=== TASK INSTRUCTIONS ===
What is needed is an exact copy of the whole listing below, with no pictures.

=== GIVEN DATA ===
####

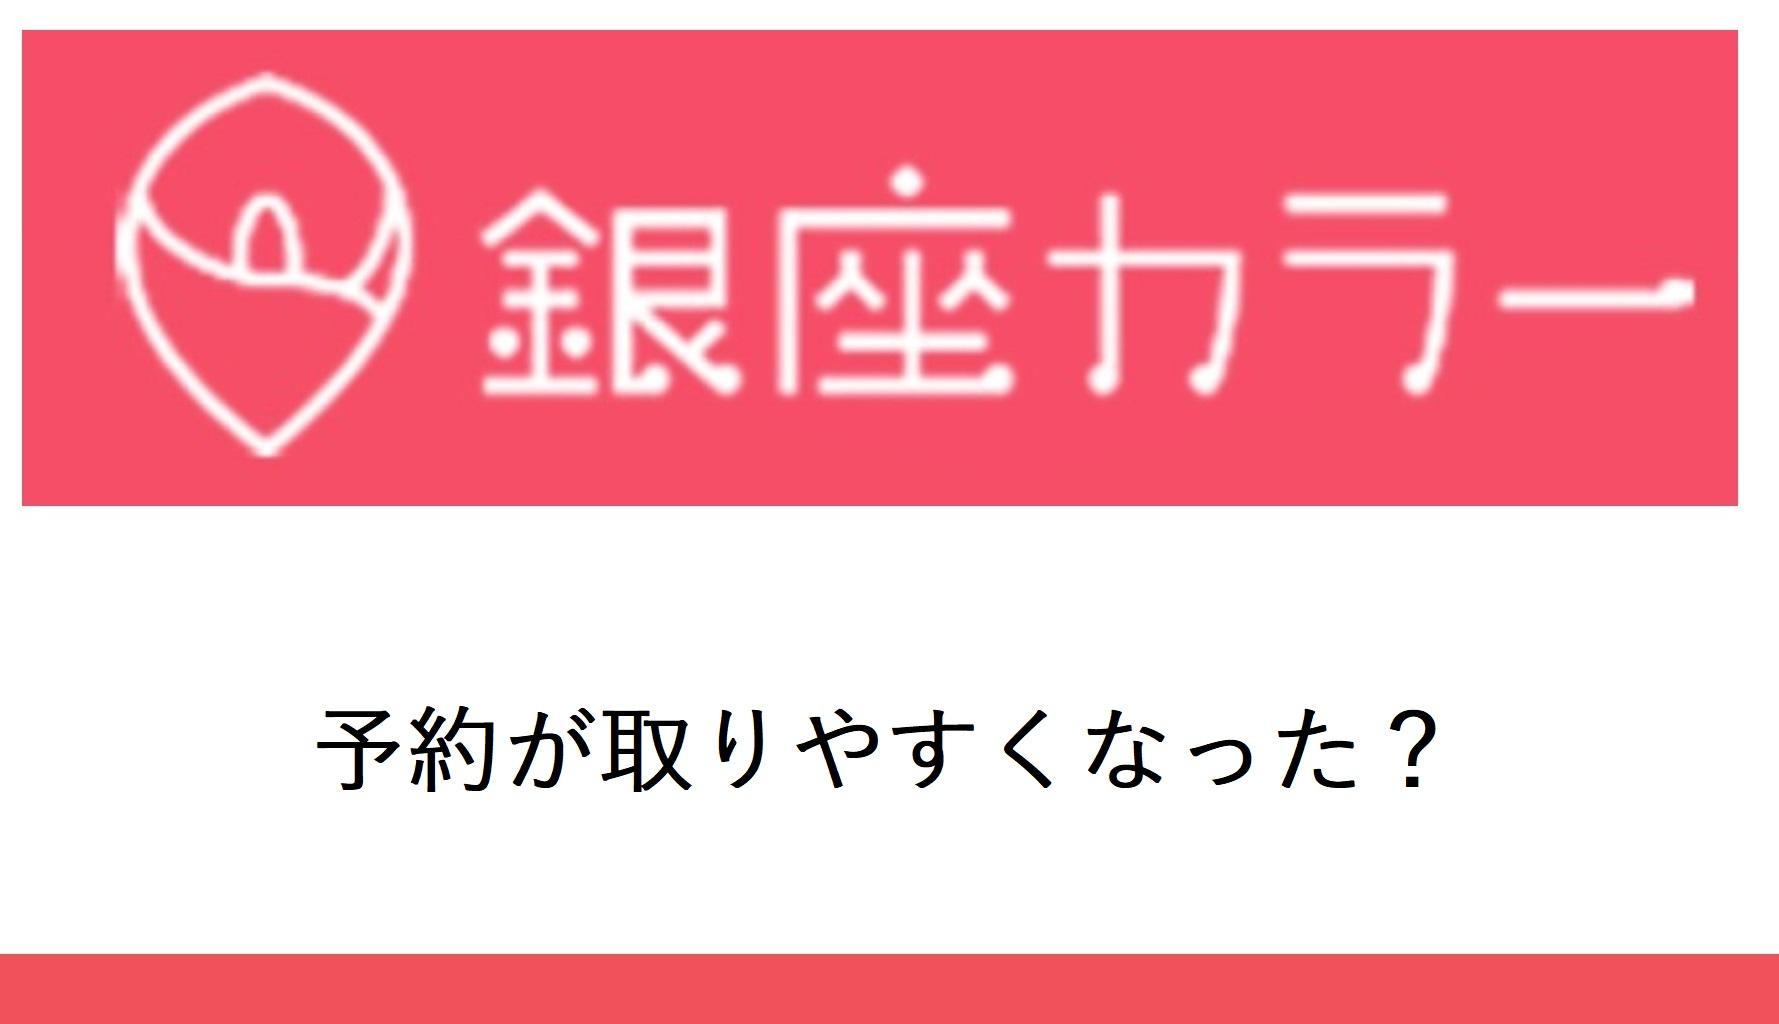 銀座カラー(予約が取りやすくなった)
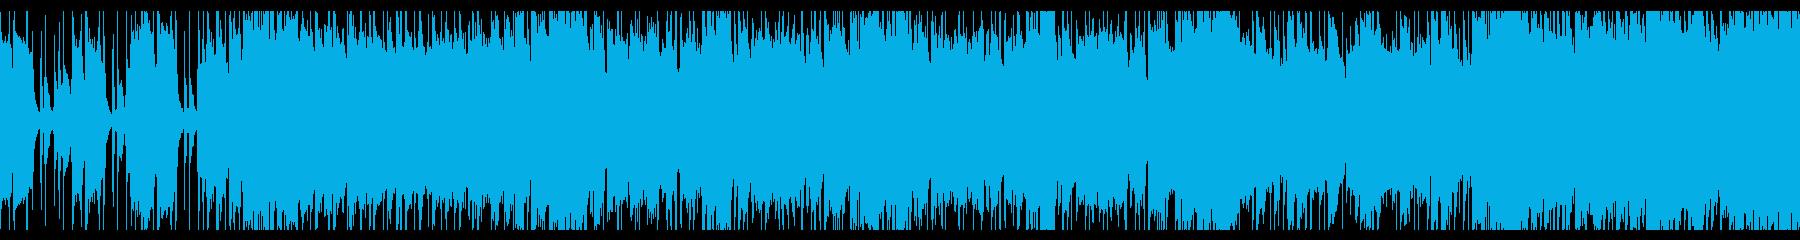 早く力強いギターロック(ループ用)の再生済みの波形
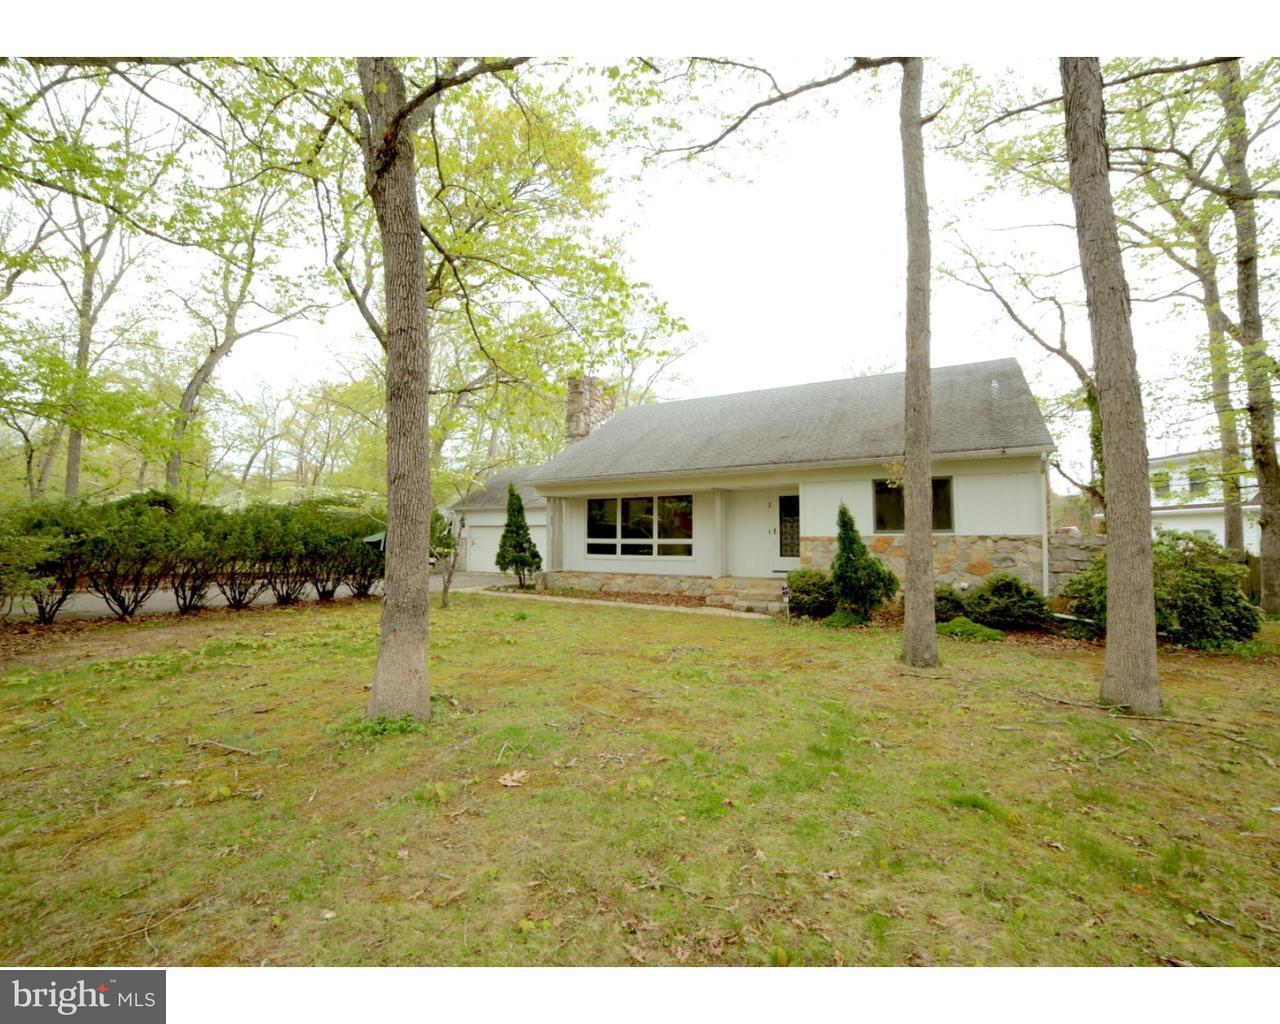 一戸建て のために 売買 アット 1 PECAN Lane Browns Mills, ニュージャージー 08015 アメリカ合衆国
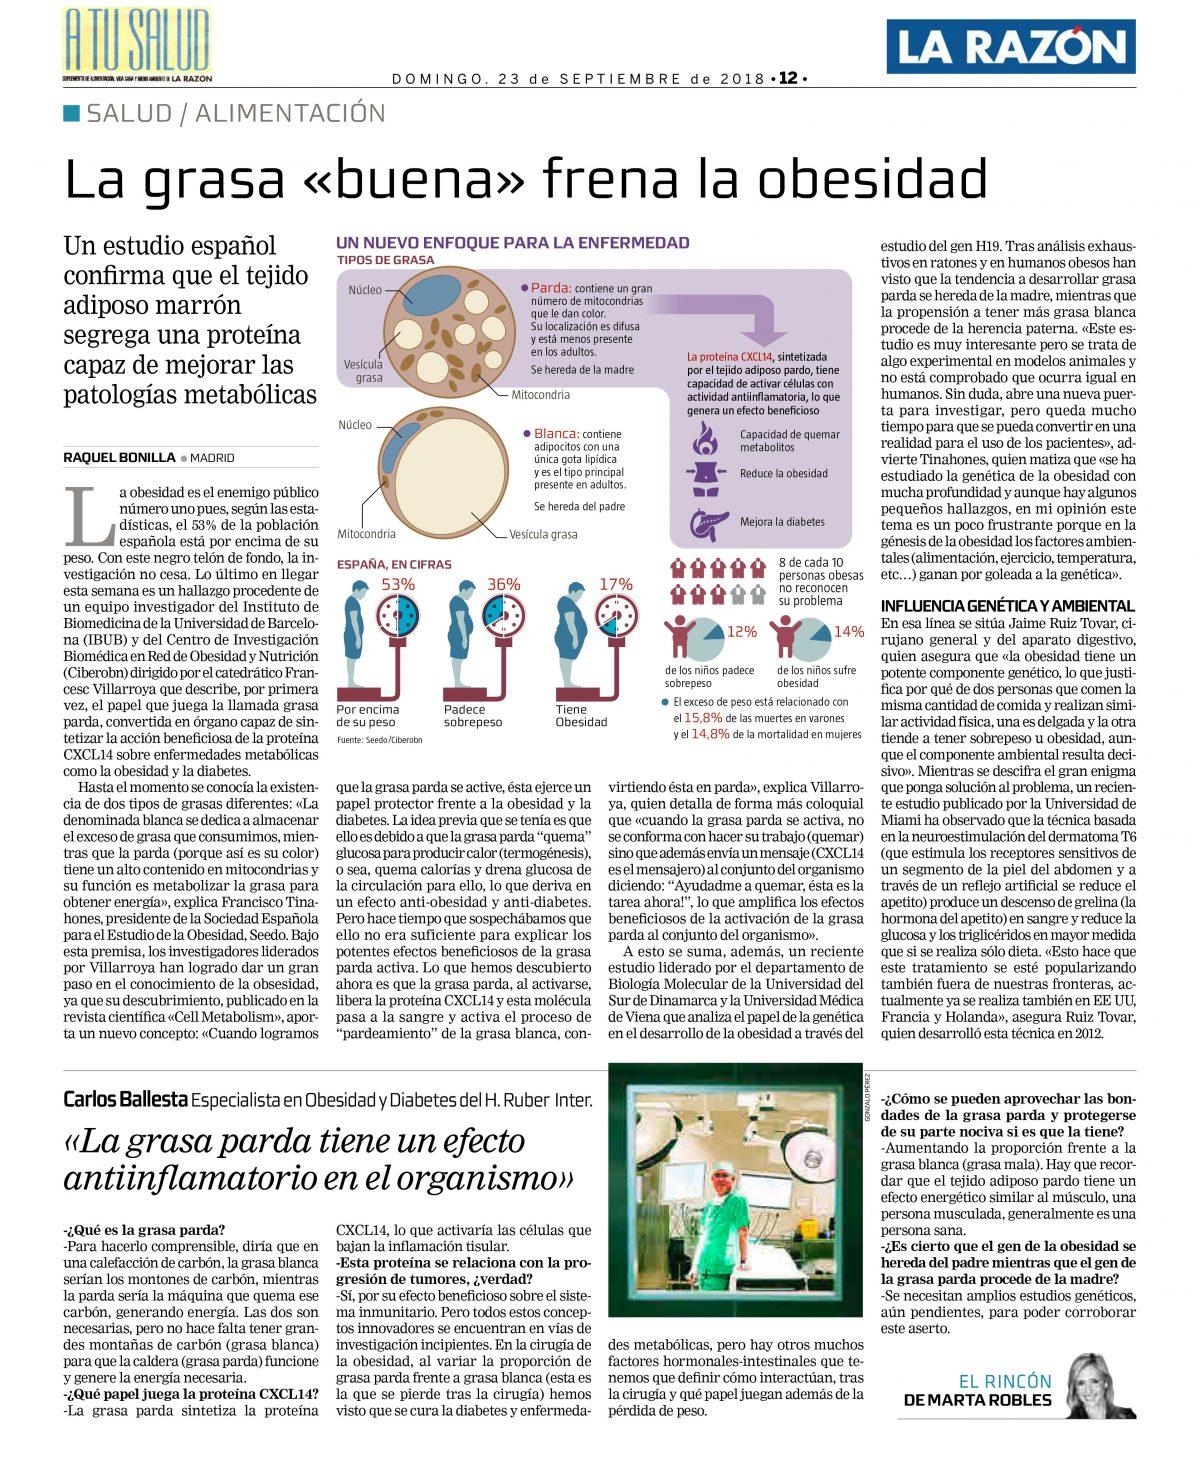 LA-RAZÓN-23-09-18-Dr-Ballesta-1200x1479.jpg

####

=== RESPONSE BELOW ===
 銀座カラー(予約が取りやすくなった)
 早く力強いギターロック(ループ用)の再生済みの波形
 一戸建て のために 売買 アット 1 PECAN Lane Browns Mills, ニュージャージー 08015 アメリカ合衆国
 LA-RAZÓN-23-09-18-Dr-Ballesta-1200x1479.jpg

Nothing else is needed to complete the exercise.